Required work -> The reply should hold every line of the data below, unchanged, and none of the pictures.

Data segment ->
■ ■ ■ ■ ■ ■ ■

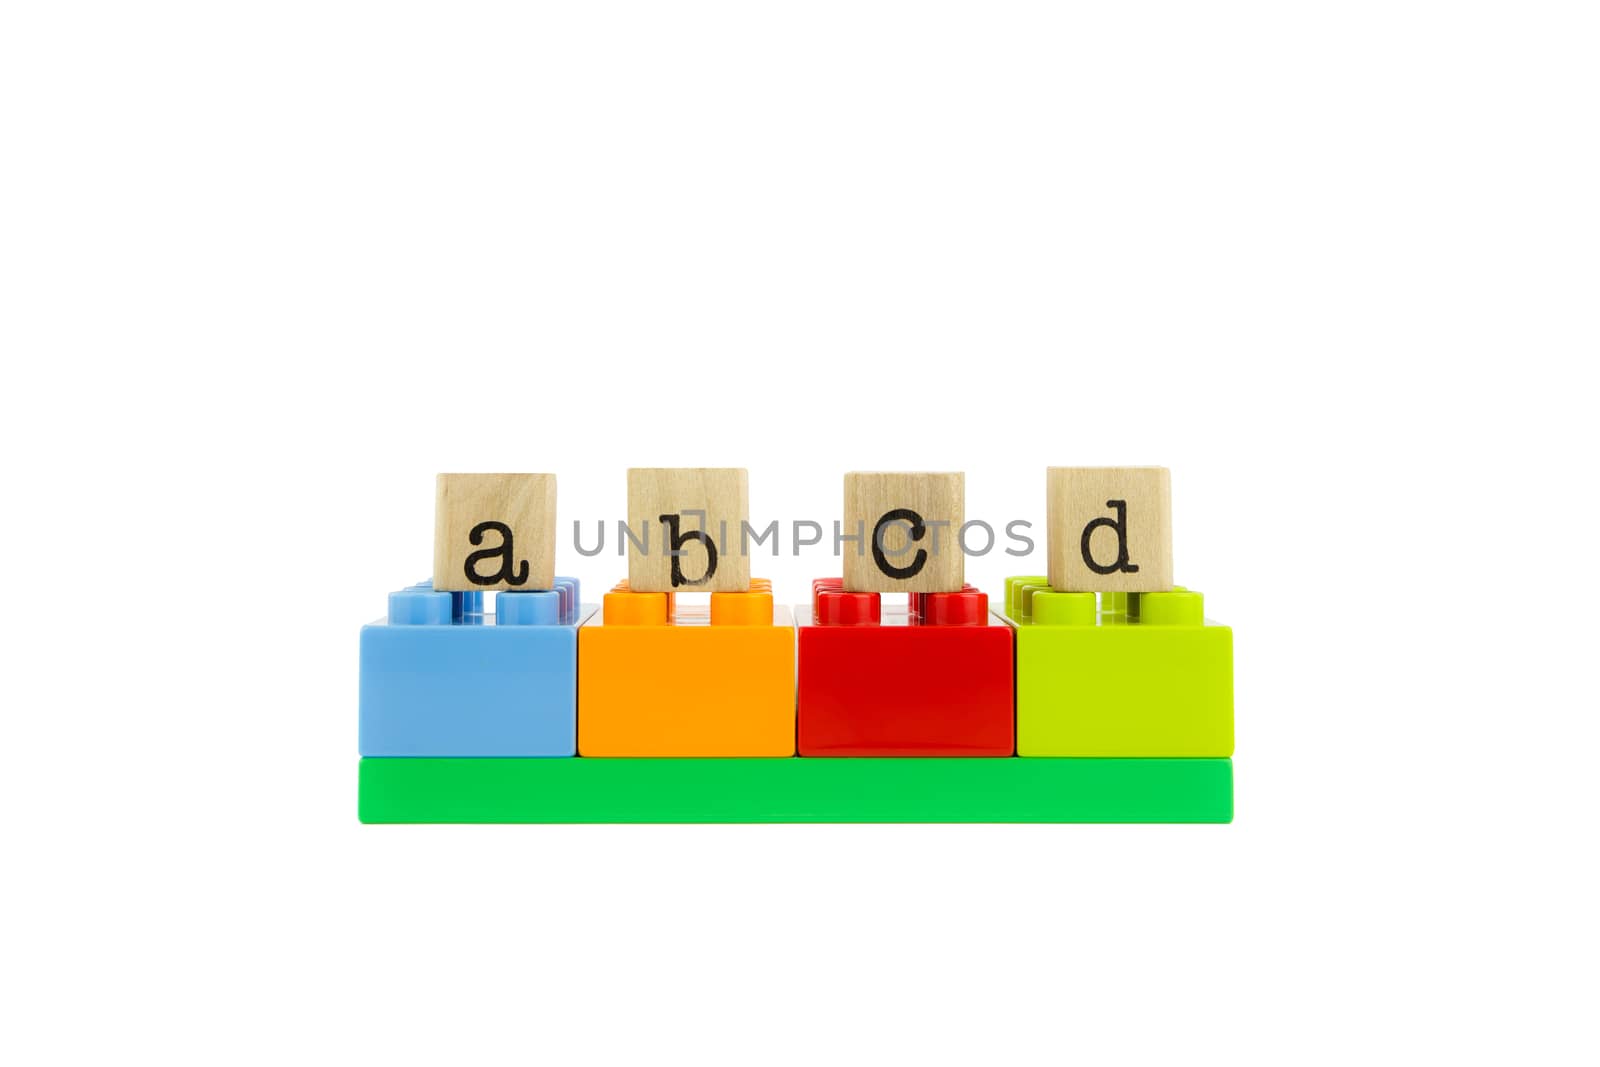 abcd word on wood stamps and colorful toy blocks by vinnstock
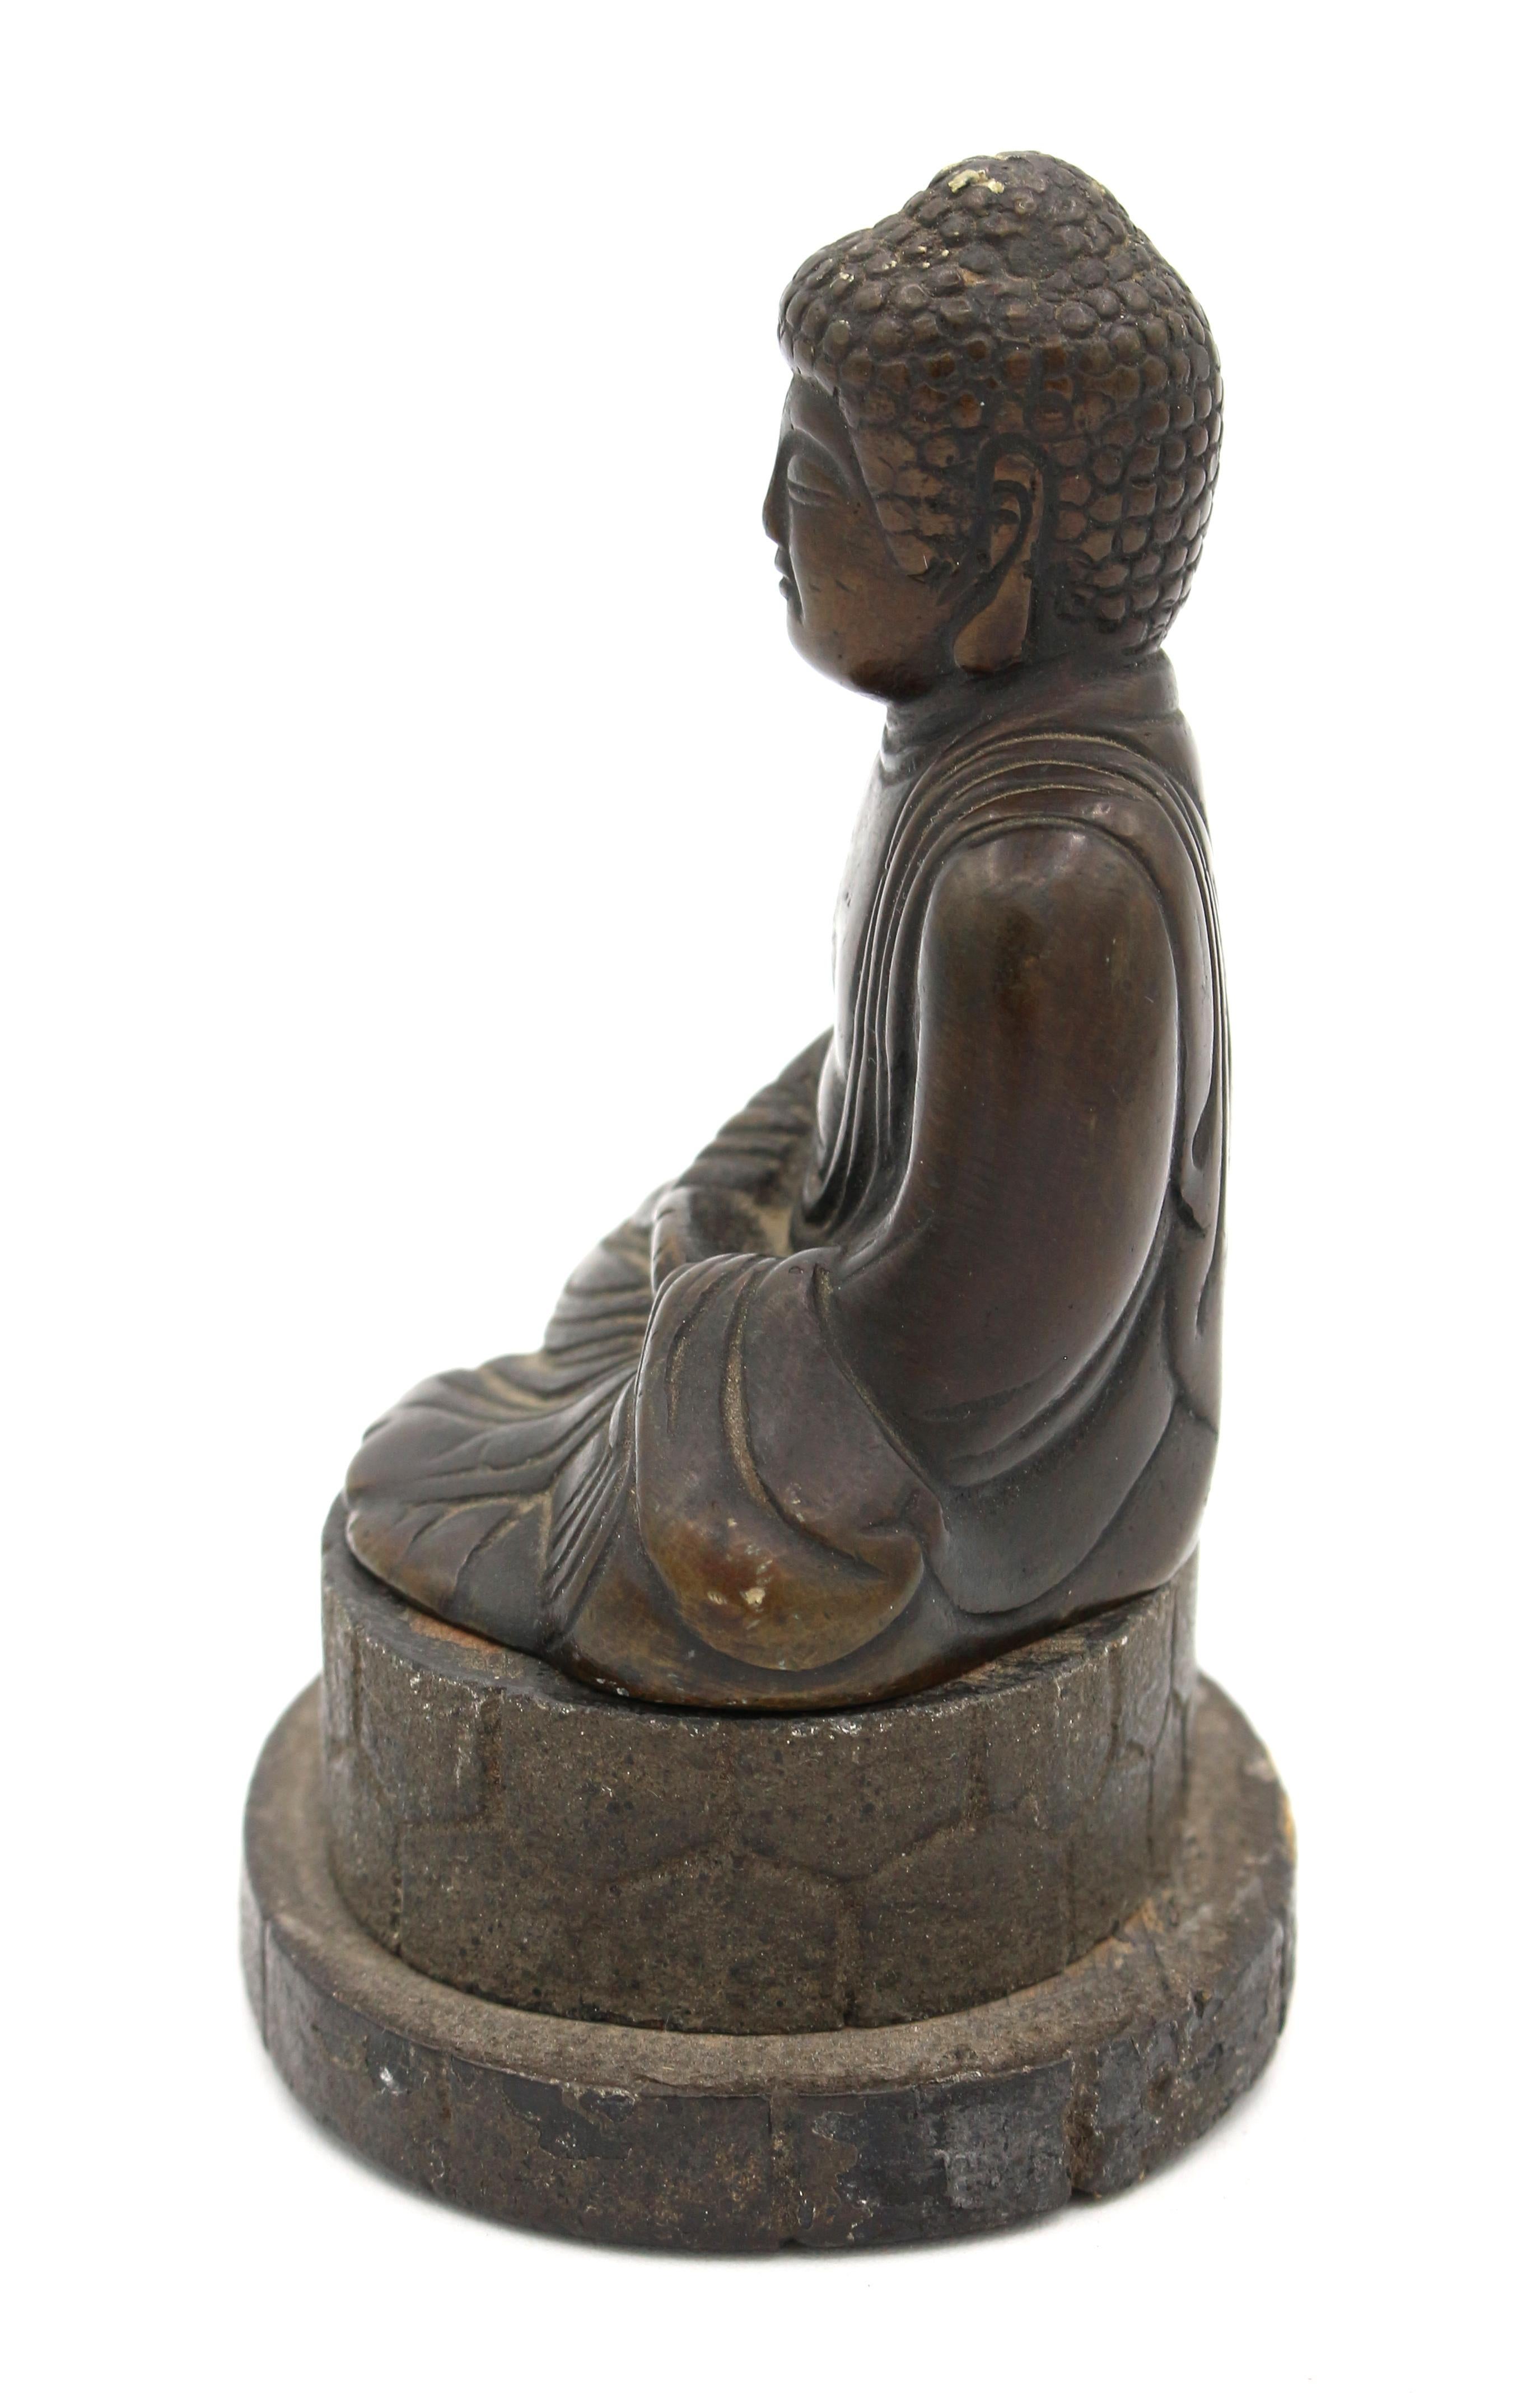 Late 19th century seated bronze meditation Buddha, Qing Dynasty. Lovely patination and nicely detailed. With a charming wooden faux stone stand (not attached).
Figure: 2.75
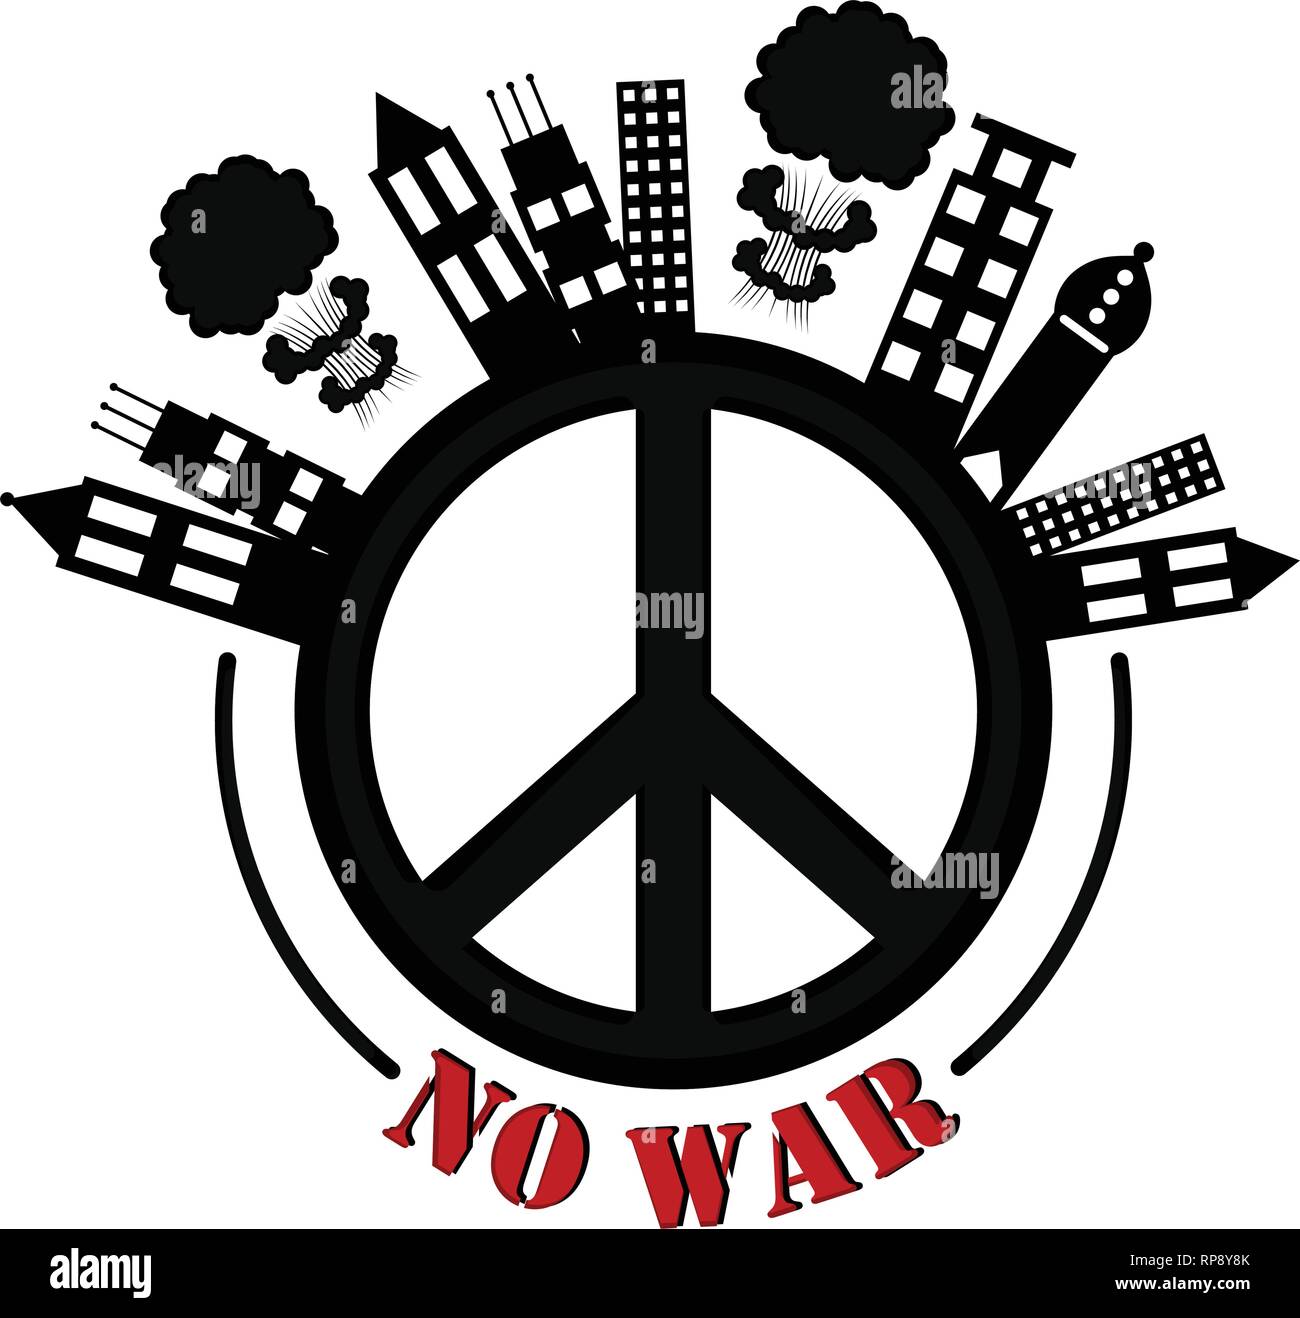 No war banner with a peace symbol and buildings Stock Vector

■ ■ ■ ■ ■ ■ ■

Reply to the task ->
 abcd word on wood stamps and colorful toy blocks by vinnstock
 Late 19th century seated bronze meditation Buddha, Qing Dynasty. Lovely patination and nicely detailed. With a charming wooden faux stone stand (not attached).
Figure: 2.75
 No war banner with a peace symbol and buildings Stock Vector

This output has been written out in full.